Dispatches from the Front Lines

I've just returned from the annual national Conference on College Composition and Communication, which was held in New York City this year. During the past century, university writing program administrators have worked hard to garner respect within the academy as fellow teachers, intellectuals, and professionals. Unfortunately, as one of my colleagues warned me years ago, researchers in the field are sometimes treated as "untouchables," perhaps because they have contact with the most marginalized discourse from the most marginalized members of the campus community, which makes them impure if not outright polluted by their admittedly necessary work . . . which like the labor of garbage collectors or morticians must still be done by someone, of course. Even within the low-caste family of her academic discipline, Composition Studies can seem the tattered stepsister to her two more glamorous siblings who benefit from the riches of their own departments and PhD programs: Communication and Rhetoric.

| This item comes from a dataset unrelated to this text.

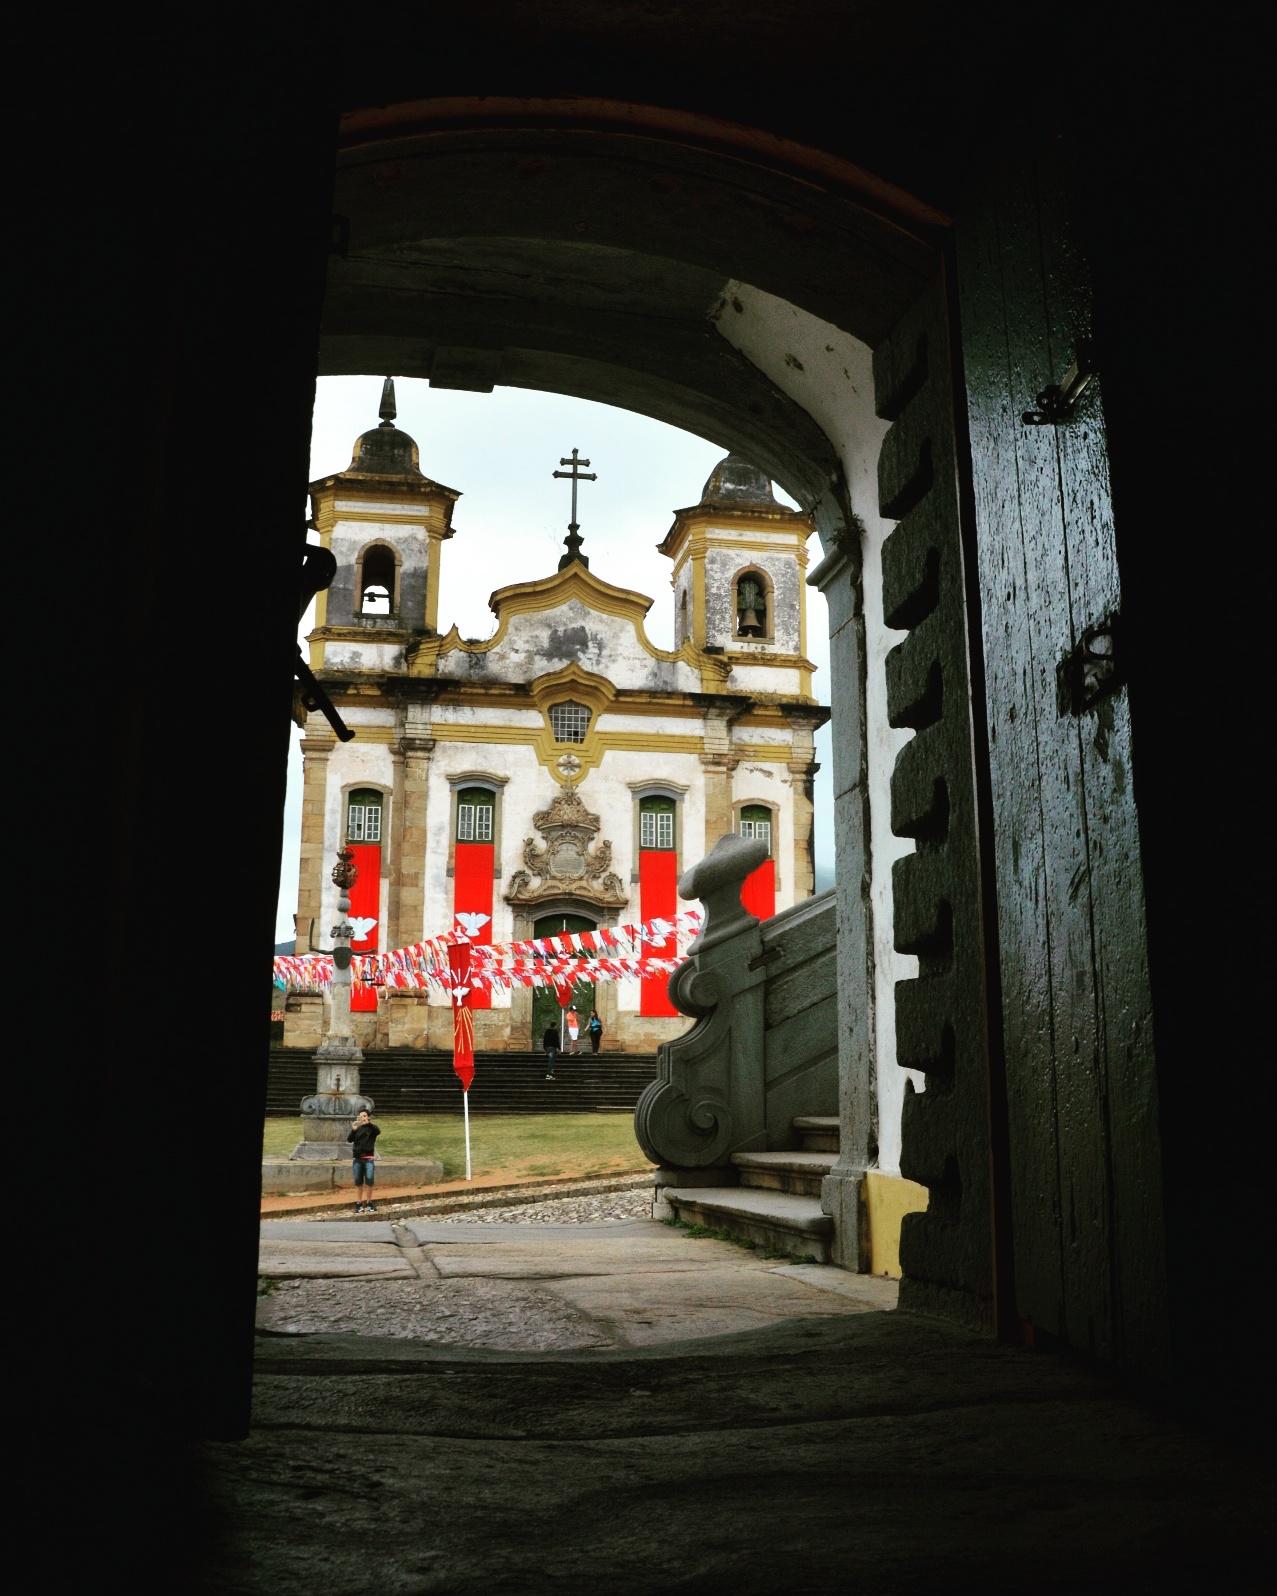 Igreja São Francisco de Assis Vista de Dentro da Antiga Cadeia, Mariana - MG, by Luciana de Paula, 2016

This is unfortunate, because the central conflict in the academy between the Culture of Information and the Culture of Knowledge -- which makes C.P. Snow's old divide between the humanities and the sciences look relatively minor by comparison -- is being played out most publicly and most violently in the classrooms of first-year writing. Here are some statistics that old fashioned bibliophiles who are firmly attached to the institutional status quo might find terrifying:
  • 83% of adult respondents thought that a twelve-year-old knew more about the Internet than their elected representative in Congress (Zogby 2006)
  • 48% of all children six and under have used a computer, and 30% have played video games (Rideout, Vandewater, and Wartella 2003)
  • 55% of youth 12-17 use social networking sites (Pew 2007)
  • 57% of teens who use the Internet could be considered media creators (Pew 2005), a statistic that may be an undercount, because it does not factor in newer digital forms of expression or those that produce artifacts other than written texts (Jenkins/MacArthur 2006)
  • While engaged in an average of 2.7 simultaneous Internet Message conversations, 39% of surveyed college students were also writing academic essays while multitasking online (Baron 2006)
  • 71% of students at the University of Minnesota use Wikipedia; 28% cite it (Adams 2006)
  • 36% of students in a U.S./Canada study admit to "cut and paste" plagiarism of sources from the Internet (McCabe 2004)
  • 81% of faculty in the Humanities and Social Sciences get digital resources from Google-type searches (Harley 2006)
Two years ago, the "4Cs" in San Francisco showed how seriously composition studies was taking the impact of digital culture on the academy. Lawrence Lessig's talk there was well-attended, and Andrea Lunsford's influential Intellectual Property Caucus was taking the discussion far beyond the mere policing of online plagiarism. This year the caucus passed an important resolution about open source, but in panels there was more concern about writing and new social media platforms like Facebook and MMOs rather than writing and copyright.

Furthermore, it looks like there is still little consensus on practice when it comes to using social media to teach. The two most noteworthy panels on teaching writing through blogging put forward two very different models of success. Dennis Jerz of Seton Hill has students blog under their own names -- where they "take responsibility" for their public statements, explore group blogging, and build discursive networks based on informal sociality using a university server. In contrast, Jeffrey Middlebrook of USC showed some amazingly sophisticated student blogs that epitomized good metadata and linking practices which emphasized individual presentations on commercial servers with pre-professional subject matter, although strangely students published their public sphere work under pseudonyms to protect their privacy.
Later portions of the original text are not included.